If you ask most owners whether their company uses AI, they'll describe a project — something being evaluated, something on the roadmap, something a vendor pitched last month.
If you ask their employees, you'll often get a different answer. Somebody in accounting has been using a chat assistant to draft collection emails. Someone in operations uses one to clean up meeting notes. A salesperson rewrites proposals with it. A manager asked it to summarize a contract last week and didn't mention it to anyone.
None of this is sinister. It's what capable people do when a useful tool shows up: they try it on their own work. But it means that for many businesses, AI adoption isn't a future decision. It's already happening, informally, with no guidance about what's safe, what's good, or what's a waste of time.
The risks of the unofficial version
Informal adoption has three problems, and they get worse the longer nobody addresses them.
Data goes where it shouldn't. A client's financials pasted into a consumer tool. A patient's details in a prompt. Nobody meant any harm; nobody told them not to. For some businesses — the ones we wrote about in When the Data Can't Leave the Building — this is a real compliance exposure.
Quality is invisible. Some people are getting excellent results. Others are getting confident nonsense and sending it to clients. Without any shared standard, you can't tell which is which until something goes wrong.
The good ideas stay private. The person who figured out a great way to use AI on a weekly report keeps it to themselves, maybe because they're not sure it's allowed. The rest of the team keeps doing it the slow way.
Why "ban it" doesn't work
The reflex response is a policy memo: no AI tools, full stop. It's understandable, and it almost never works. The tools are on everyone's phone. Banning them mostly guarantees that the usage continues, just less visibly — which is worse on every one of the three problems above.
The better move is the one that works for any tool your team adopts: make the right way the easy way.
What teaching them actually looks like
Good AI coaching isn't a one-hour webinar about the future of work. It's practical, specific to your business, and aimed at the tasks people already do.
A short list of what's allowed where. Which tools are approved, what data can go into them, and what never can. One page. Plain language. Real examples from your business.
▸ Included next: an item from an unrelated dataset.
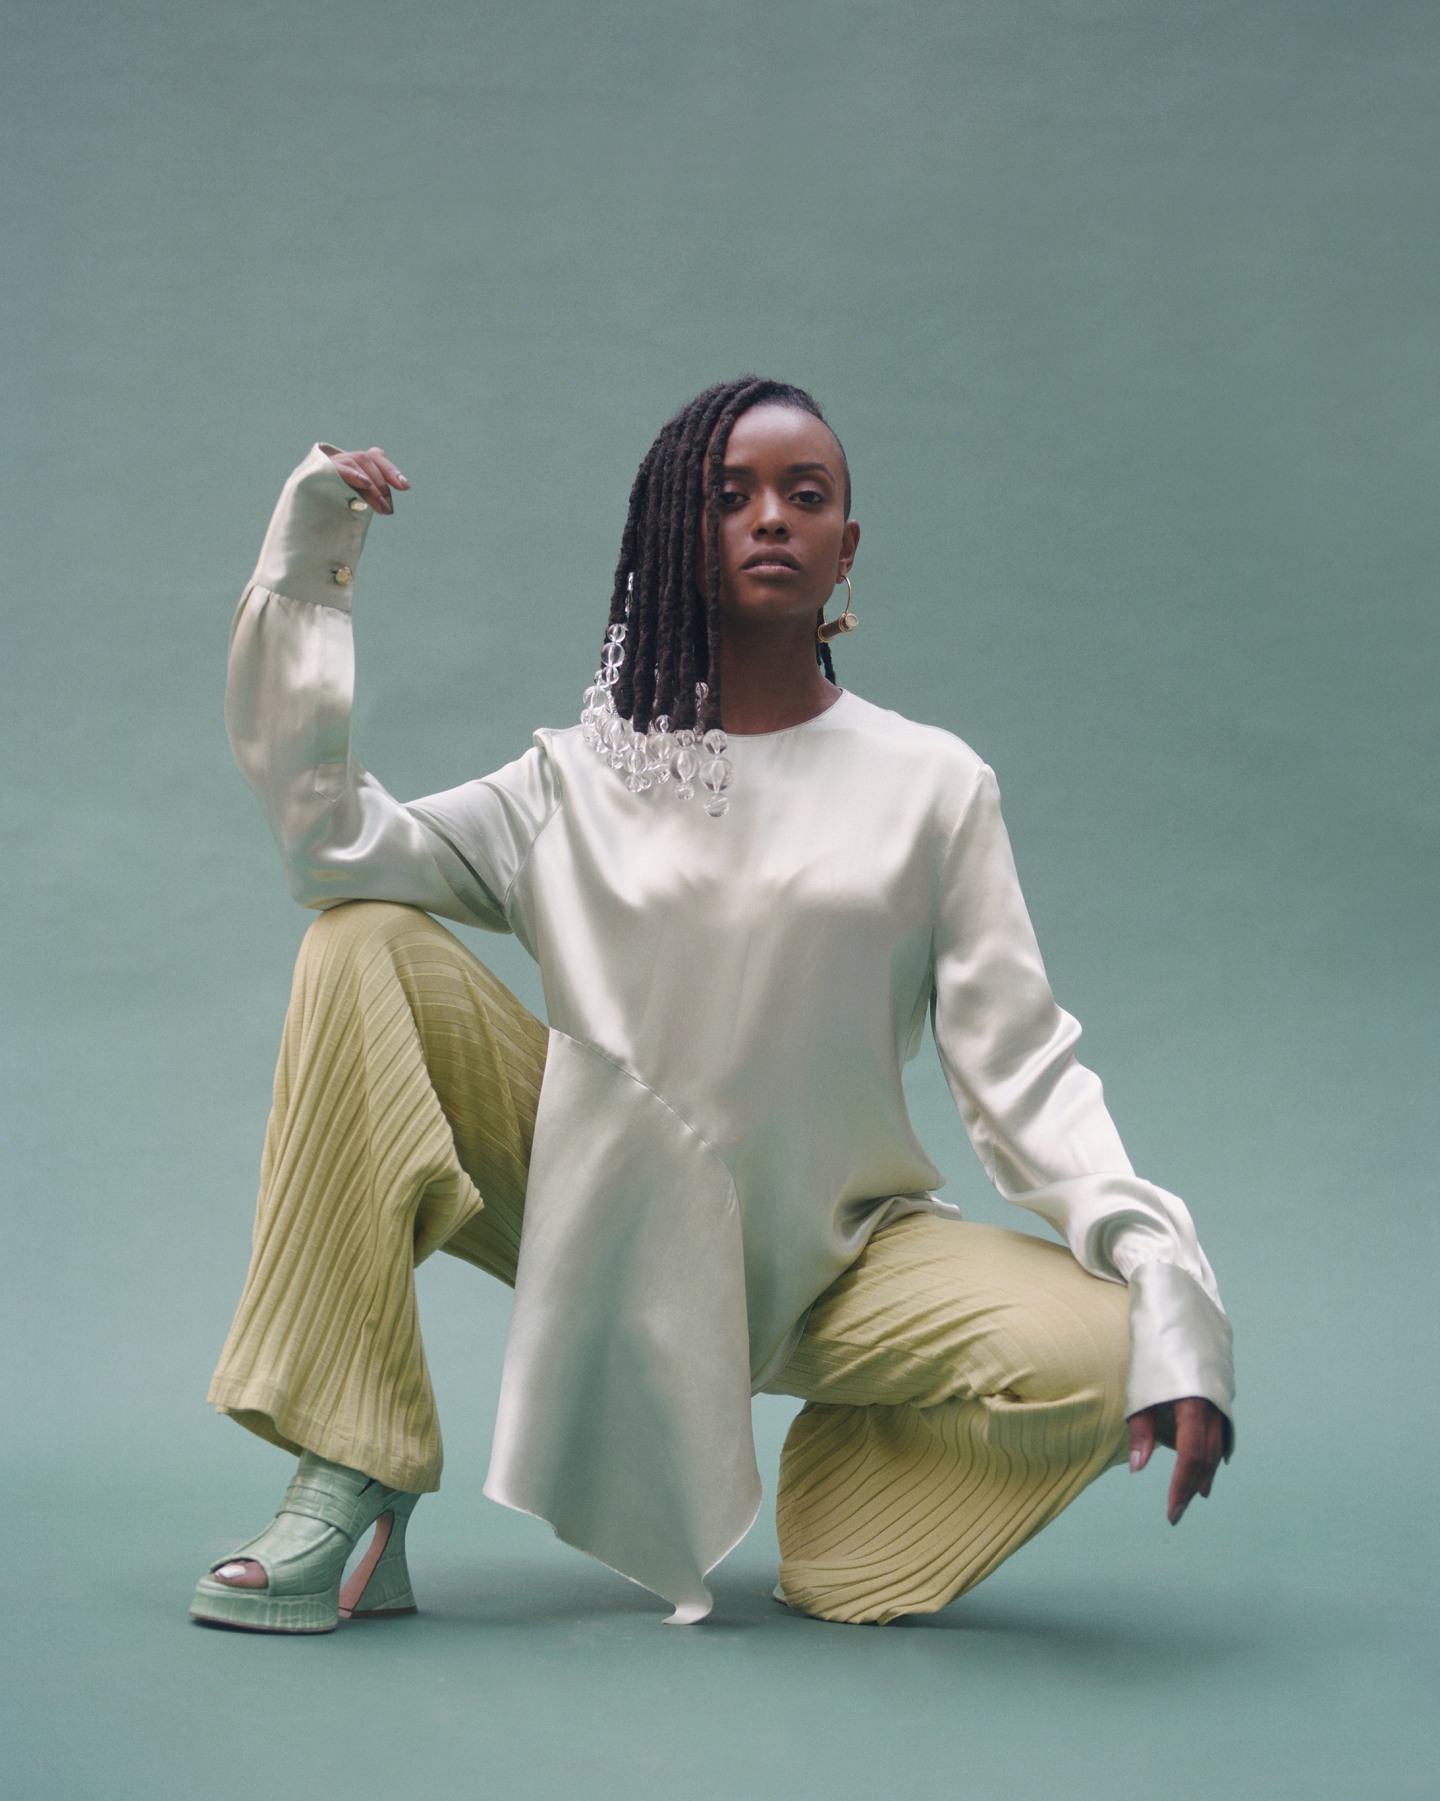 Kelela is ready for you now

Hands-on sessions built on real work. Not generic prompts — your team's actual emails, reports, proposals, and documents, and how to get good results on them. People learn fastest on their own work.
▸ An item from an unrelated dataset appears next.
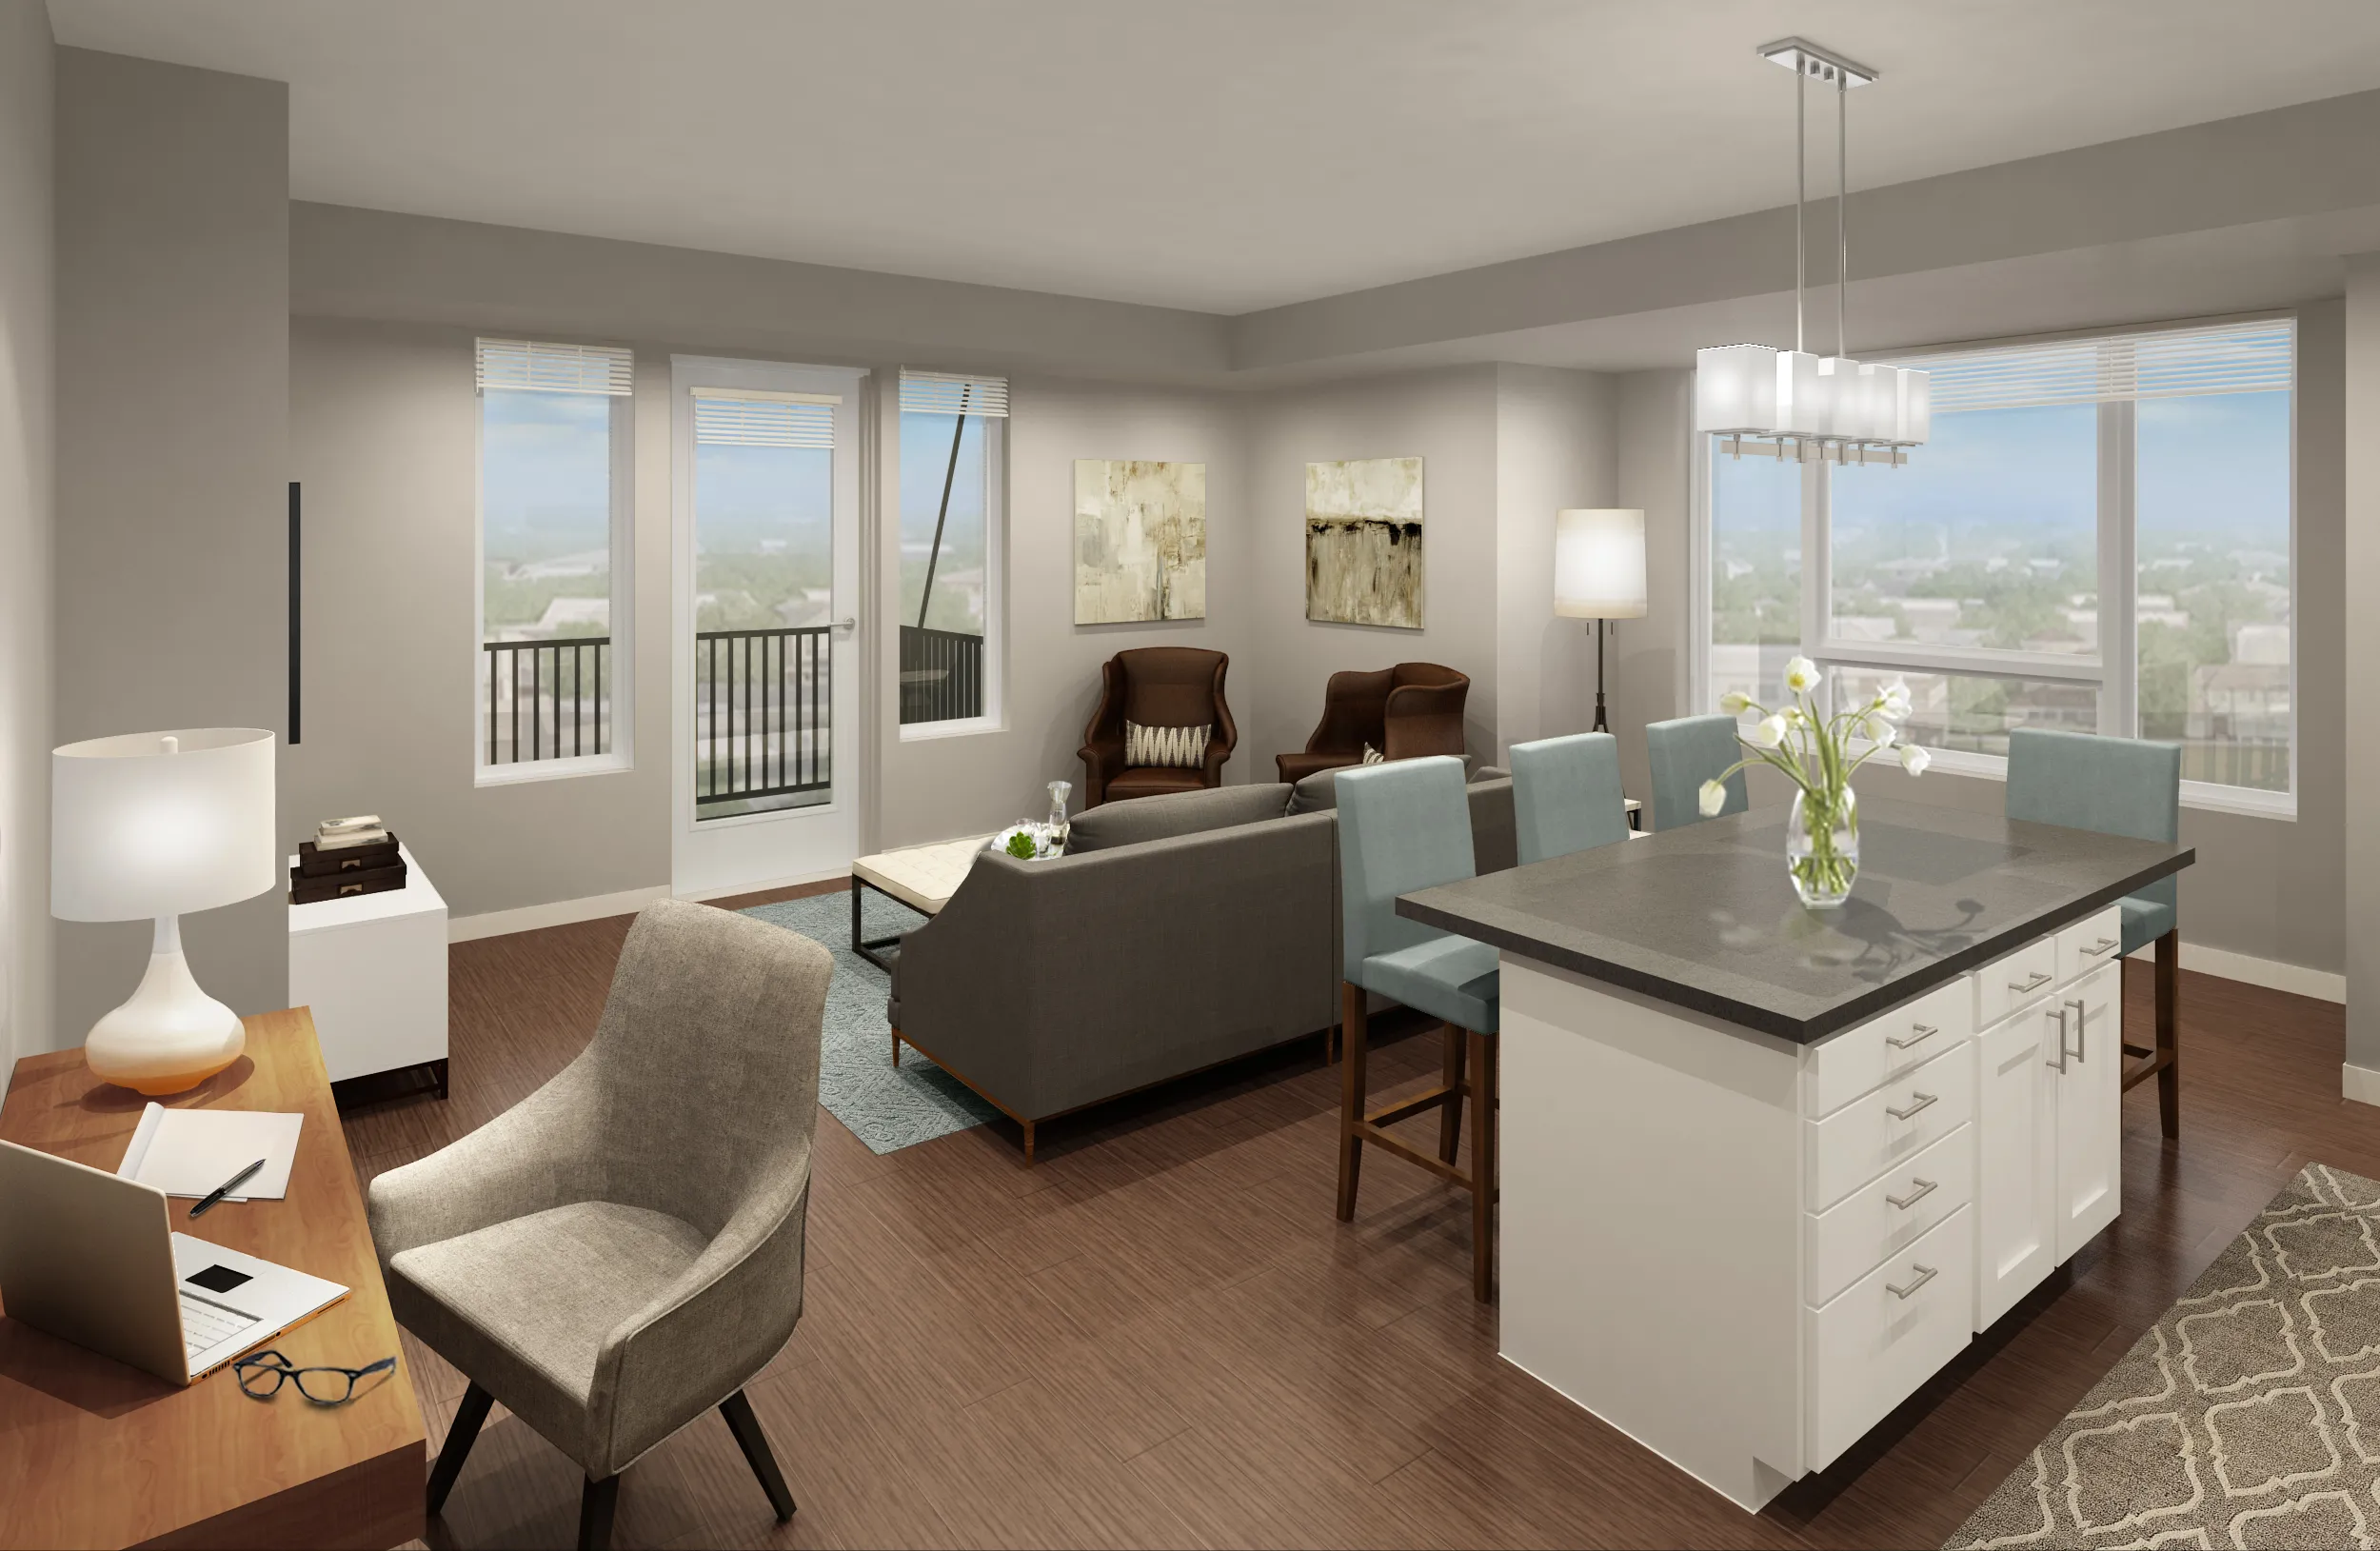 furnished model kitchen and living room at Park 205 Apartments

A standard for checking output. AI drafts; people verify. What that means in practice: the claims, numbers, names, and anything going to a client get checked by the person sending it, every time. It's the same boundary we build into every AI employee.
A way to share what works. A shared set of prompts and examples, and a regular moment where people show each other what's saving them time. The quiet expert in accounting becomes the person who teaches everyone else.
A path from personal use to real automation. Some of what people discover will be worth more than a better prompt. When the same task keeps showing up, that's a candidate for a proper build — scoped, measured, and supervised.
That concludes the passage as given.